Diane Tran is founder of Minnesota Rising, project manager at Grassroots Solutions, and current board chair of the Citizens League. Eriks Dunens is the Alumni Program and Cohort Coordinator for Leadership and Civic Engagement programs at University of Minnesota Extension.
Ever had that strange feeling that people are talking about you while you are in the room? We did while at Minnesota Compass' Annual Meeting "Minnesota next: Millennials, leadership, and the information economy." We were amongst 13% of the self-identified Millennial population in the room. Having served on the core team for the Minnesota Rising Cascading Conversations Tour over the past two years, we had a particular interest in data and trends related to the rising generation in our state. Minnesota Rising is a network of emerging leaders in Minnesota focused on building relationships, trust, and a shared vision, and seeks to develop the collective capacity of the rising generation to impact Minnesota's future. Recognizing that the Millennial voice was not fully represented in the room that day, MN Compass thoughtfully invited us to reflect on and consider how emerging leaders would use data differently.
Much has been made of the demographic shifts Minnesota is currently experiencing and will continue to undergo in the coming years. The State Demographer indicates that by 2025, Baby Boomers will hit age 80 en masse, the time in their life when health care costs will be at their highest, and the labor force growth rate will dip to 0.1%. Further, Minnesota is growing increasingly diverse at a rapid rate: from 2005 to 2035, the white population is projected to grow nine percent, compared to 112 percent for the total minority population. While these demographic shifts have been clear for decades, there has been limited interest in their implications and minimal action to identify paths forward until recently.

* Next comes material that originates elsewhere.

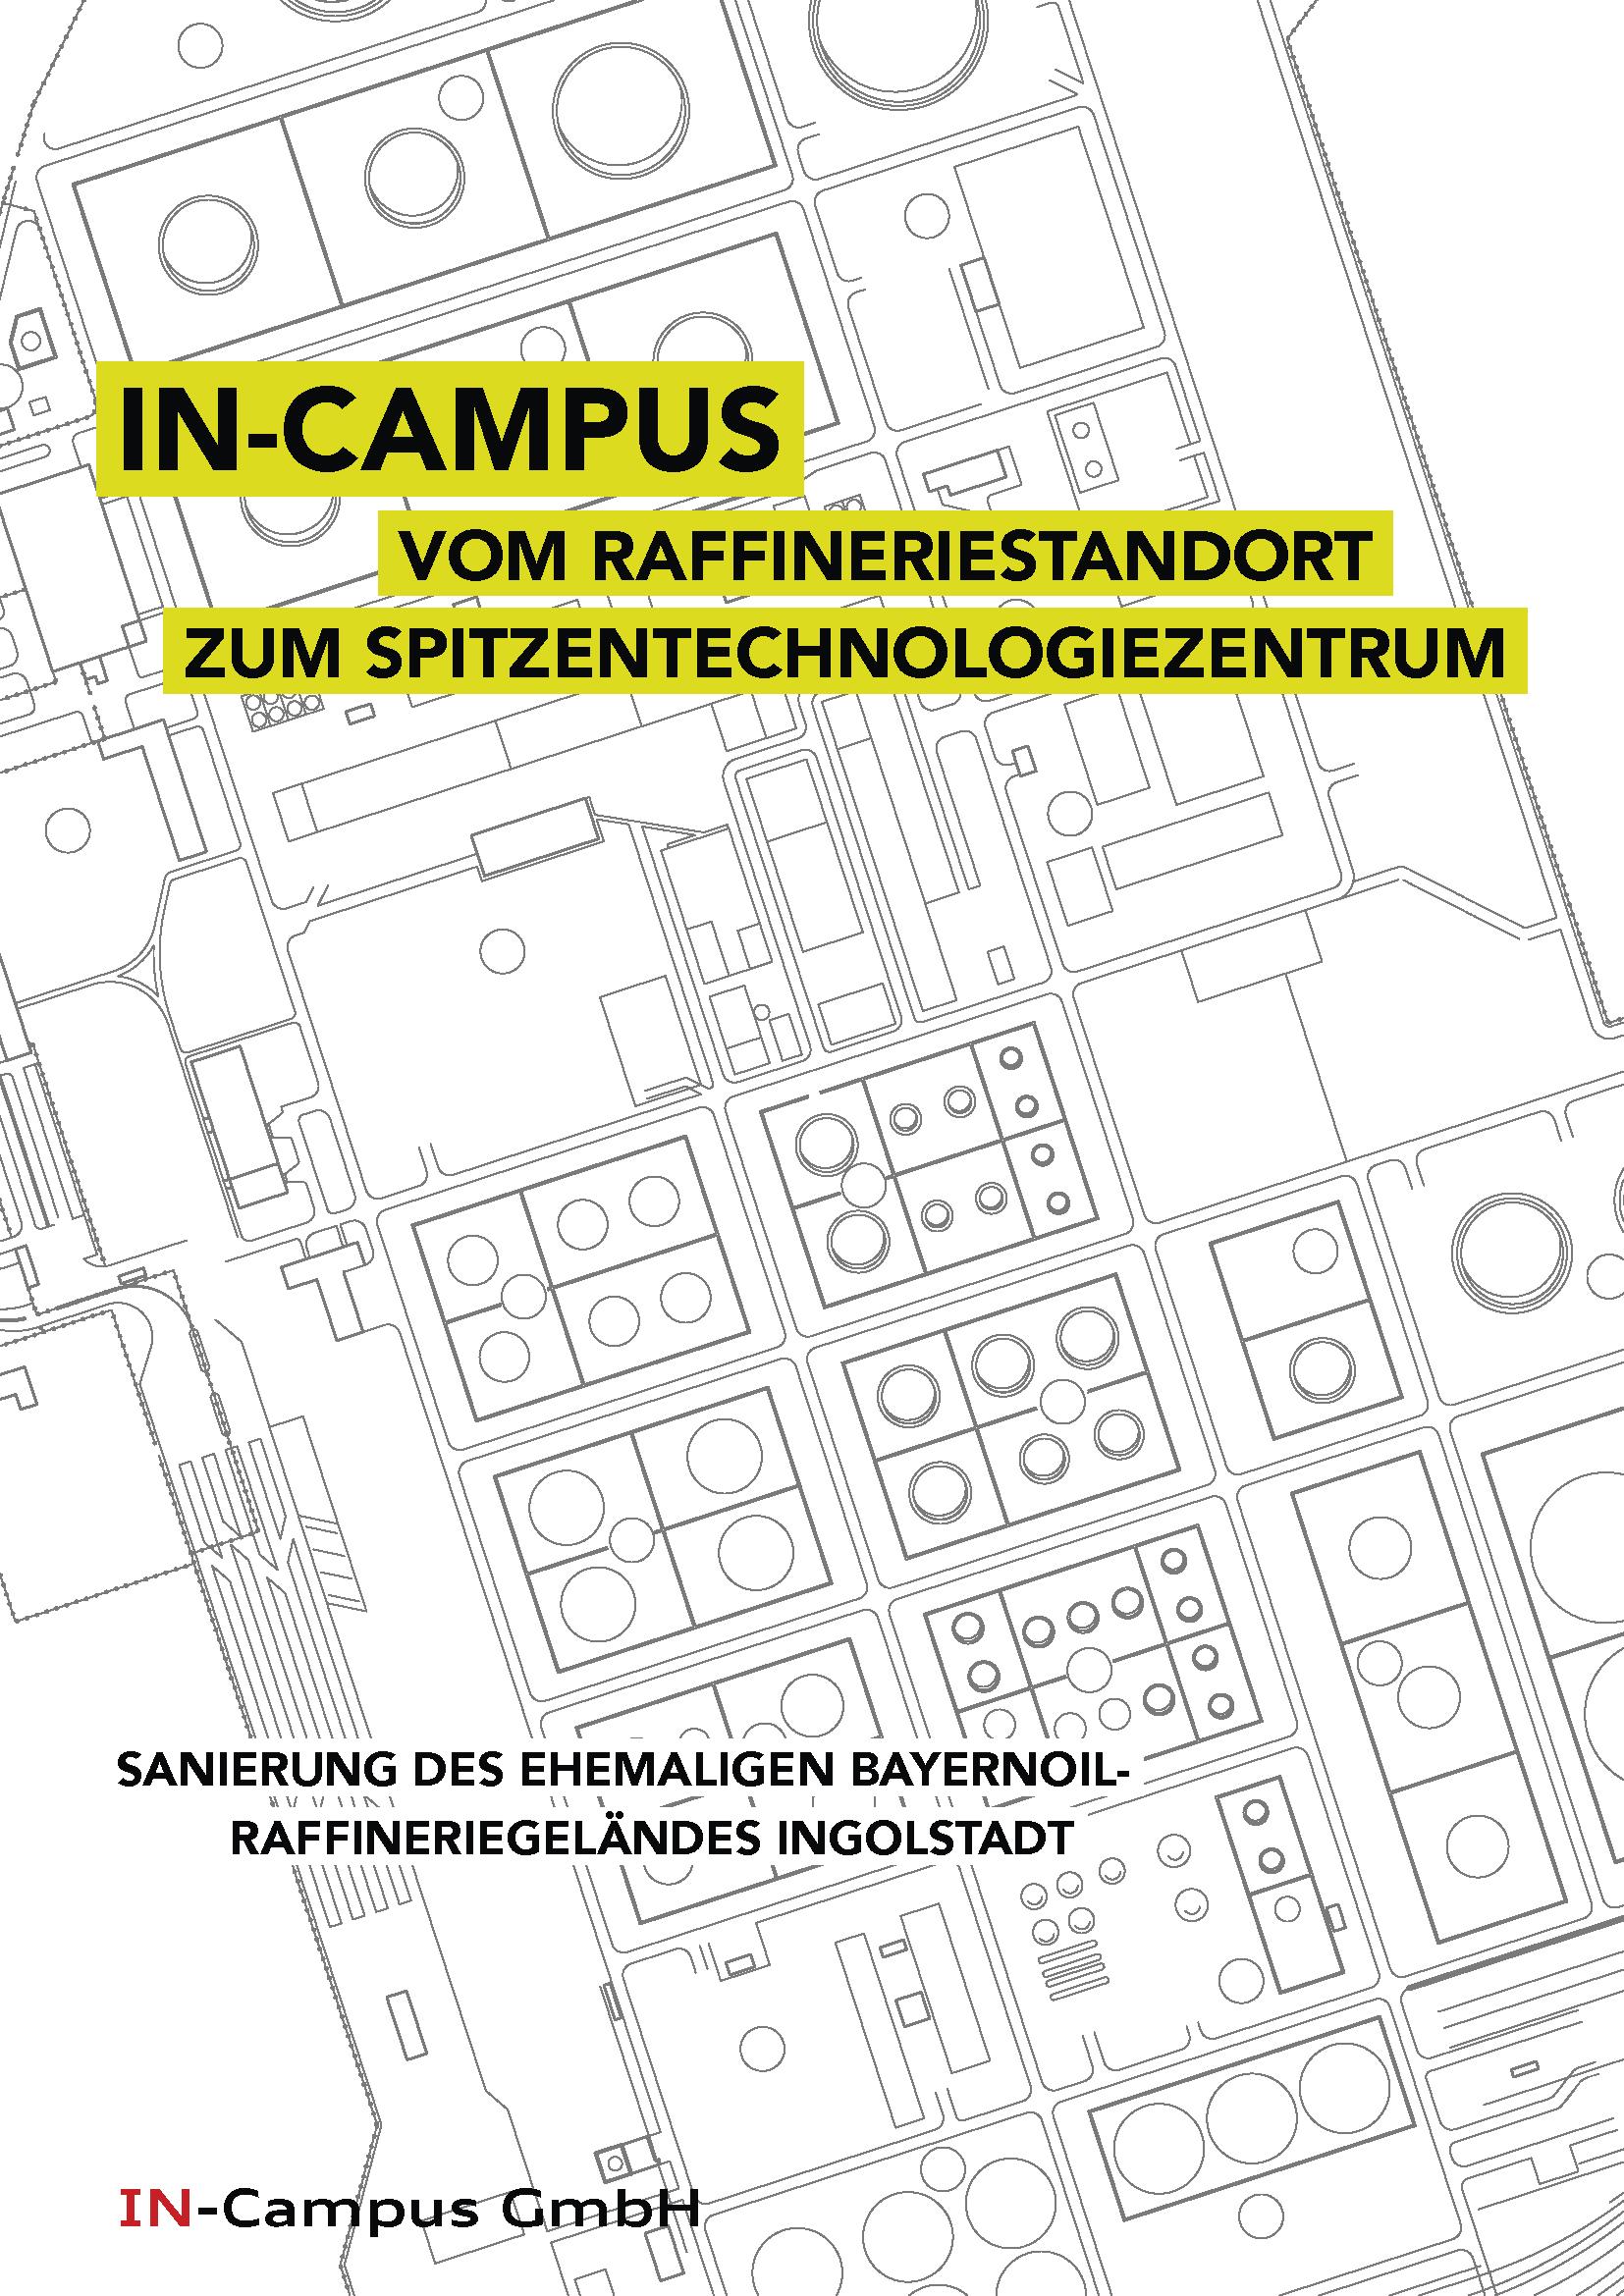 IN-Campus Broschüre

While the charts depicting how Minnesota will look quite different in 10 years' time provides a great deal of shock value and certainly induces a sense of urgency for galvanizing action around the topic, it is also entirely overwhelming. What is any one of us able to do to tackle such a long-standing and structural challenge? Here are a few ideas:
1. Use data to identify and encourage ways to act
Large-scale trends and indicators have, by definition, a massive scope. One unintended consequence is that individuals can feel powerless to impact them. Data that shows trends and identifies problems but is not presented with ideas for action is missing a key element. We have attended numerous events in recent years featuring presentations on demographic trends and been left, more than once, feeling helpless or uncertain about a path forward. Lacking a clear and unified plan for addressing all segments of our current demographic challenges can be disempowering to our communities. While data is largely perceived as neutral and merely subject to the agendas of those who interpret and relay it, there must be a recognition that data should inform trends, identify opportunities for remedying challenges, and offer real opportunities for changing otherwise dismal outcomes. These opportunities for impacting said challenges must exist on individual, organizational, community, and societal levels.
One group for instance, the Citizens League, is Taking On 2025 with plans to promote economic prosperity, enhance the value and decrease the cost of public services, and rebuild Minnesota's infrastructure. Using their civic policy making model, the League will engage community members as policymakers in their homes, schools, workplaces, places of worship, and more.
2. Use data to focus on assets and provide context
When we use phrases like the "achievement gap" or "opportunity gap," we unconsciously reinforce stigma and may inadvertently cause those affected by these challenges to appear as the causes of these problems. The way we often talk about data can make it seem that we view groups as "the problem" that needs to be fixed. This is not done on purpose, but can result from following the norms of the dominant culture responsible for producing and sharing this data. Language is important and the ability for it and data to be "other"ing should be taken seriously. How can we instead focus on leveraging the diversified assets our community brings to bear in order to compete in a global economy?
We saw a great example of this at the Annual Meeting. Marilee Grant and Allison Liuzzi shared a series of facts about the state of Science, Technology, Engineering, and Math (STEM) education in Minnesota. The state projects significant growth within the STEM job market. However, only one-third of Minnesota high school graduates are college-ready for STEM-related coursework, and those are predominantly white and non-Hispanic. How can we cultivate homegrown talent to satisfy increasing demand while addressing racial gaps? Marilee and Allison shared a plan, a cradle-to-career STEM framework, to ensure we are preparing our future workforce. The development team built the model from key measures that informed important points along students' developmental path. Some of these indicators - that students of color express similar or greater interest in STEM than other students do - form the basis for where and how to focus efforts. Positive data was incorporated into the framework to guide suggested actions while implying that there is hope for improving the overall situation.
Millennials are learning from MN Compass and myriad others who have compiled, interpreted, and acted on research for many years. Minnesota Rising's hope is that we can emulate the best of what data has provided to our communities in the past and that all generations impacted by this data can continue to have a place in this conversation. At this time where we are on the precipice of significant transition in our communities, we can either watch as demographic changes continue unfolding or we can leverage data to envision and create a future state that embraces all of our assets.